In 2011, Kyle McDonald visited two Apple Stores in Manhattan and installed some software that would take selfies of people using the shiny, shiny toys and upload them to his (now defunct) Tumblr. Kyle was later awoken by the Secret Service and had his computers confiscated. However, his work was prescient. We stare dumbly at our screens without acknowledging the camera inches from our heads.
“We have this expression on our face [when we use computers] that basically says that we’re not interacting with anybody, we’re interacting with the machine.”
– Kyle McDonald (Cult of Mac)
For a vomit-inducing example look at Howard Stern of fast-talk radio, he jerks off with his iPad.
“I jerk off with my iPad and I’ve been reading about how they’re using these cameras in the computers to spy on people. Well guess what I do: I put a piece of tape over it when Im [sic] jerking off.”

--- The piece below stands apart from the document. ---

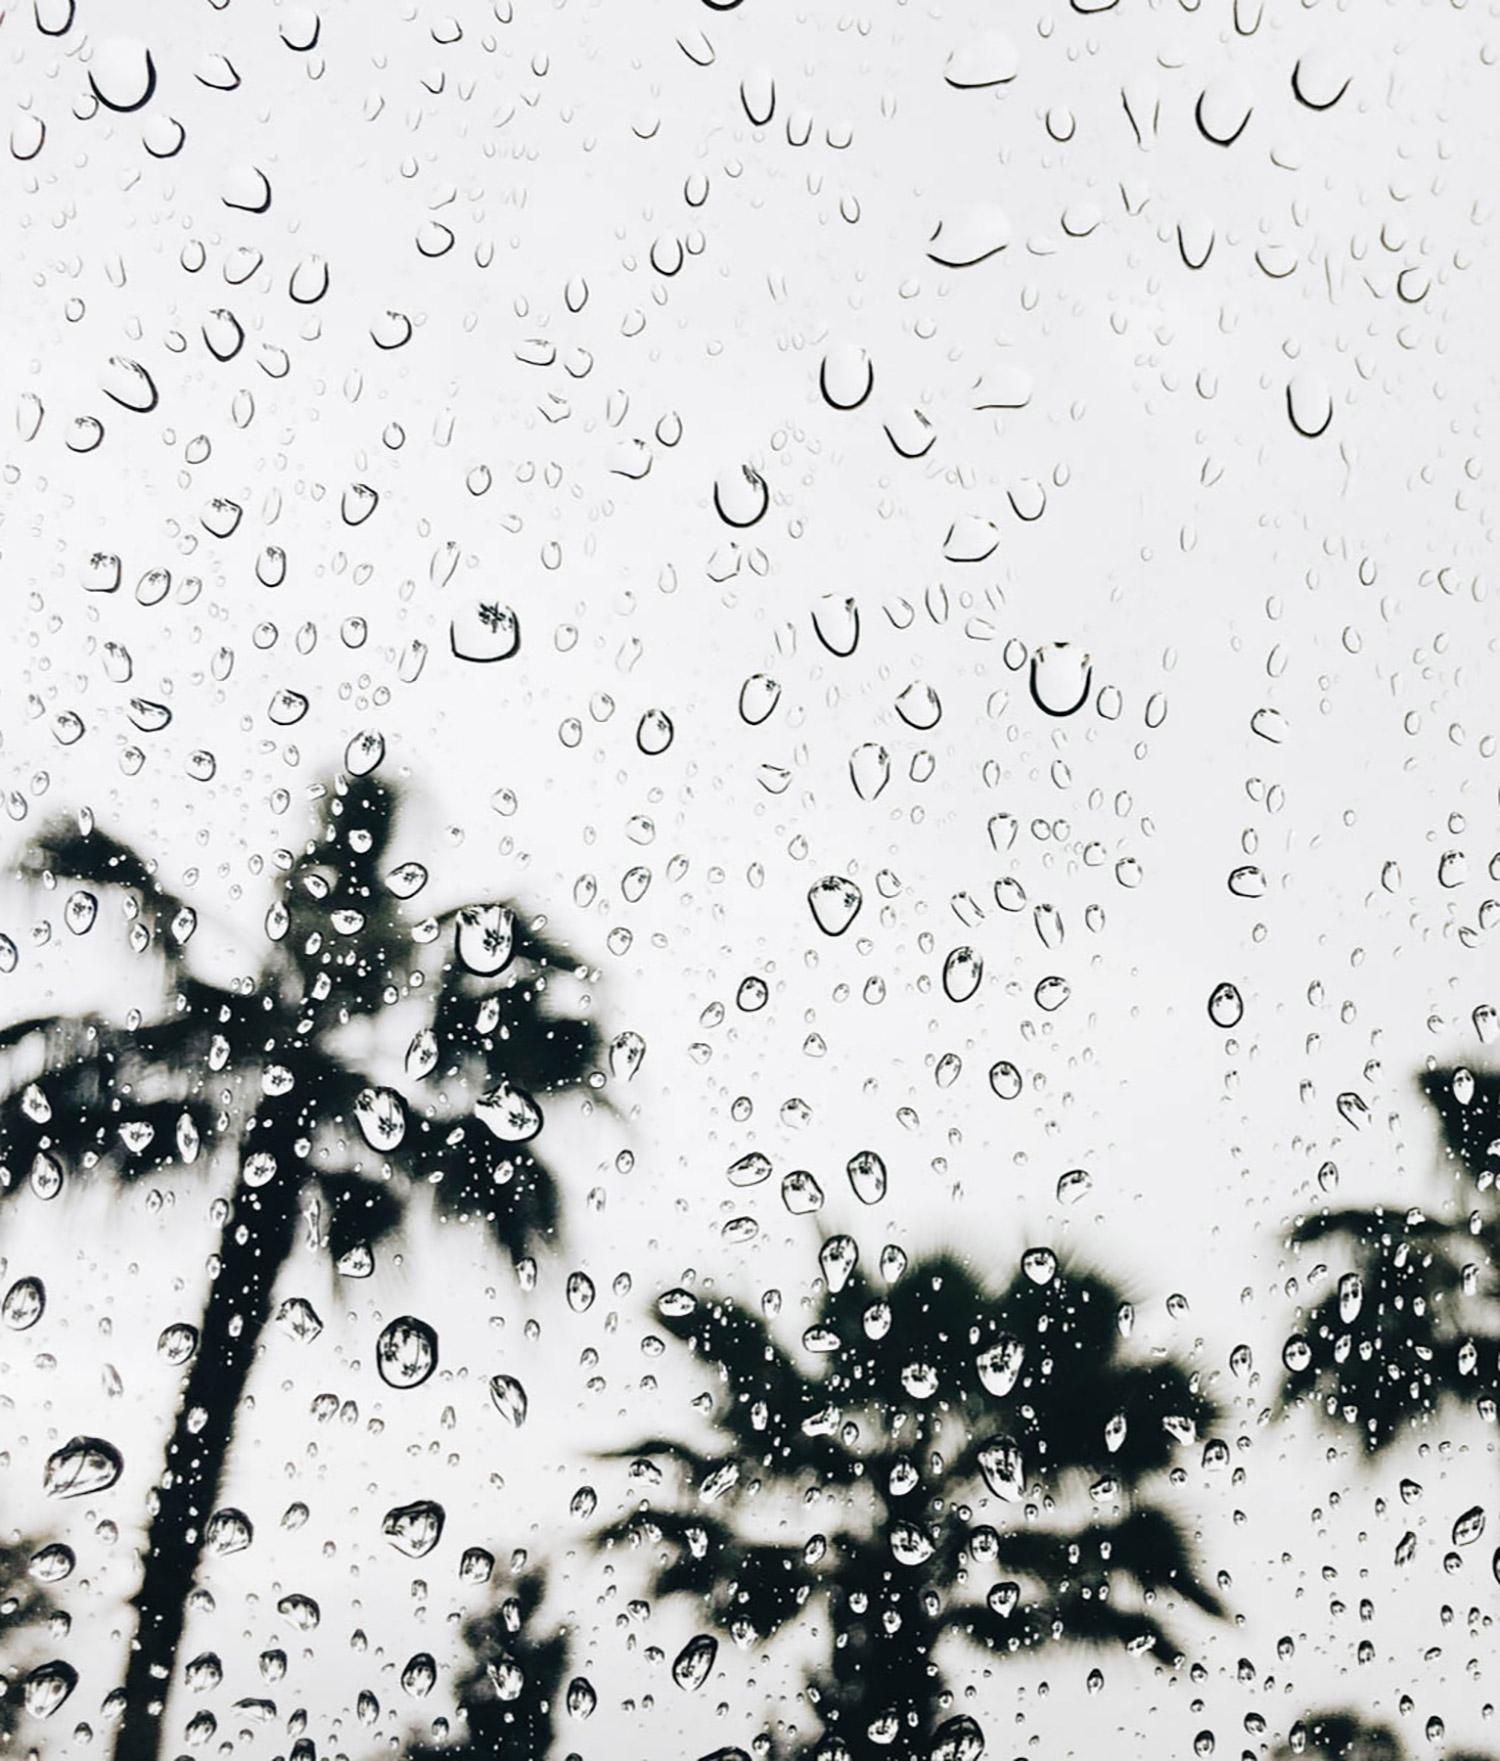 5-palm-trees-through-rainy-window.jpg

– Howard Stern’s epitaph (Inverse)
Now that we all have that image rattling around our brains forever, what are we going to do about it? A dunk in a sensory deprivation chamber might buff it out, or just hours of kitten videos, but it will always be there. Somewhere. But the other “it”, the Panopticon in the room, has another solution.
Michael Sorrentino, who used to be a TV news person, learned about the camera-thing a few years ago too. In response, he launched the EyePatch (or iPatch if you’re still doing that). It’s a lens cap built into a case. However, it also cleans your glass, making it appeal to the ‘phonetographers’. That’s not what we’re calling them by the way. I think Instagrammer is the correct nomenclature.
Unless your camera is covered, its always on.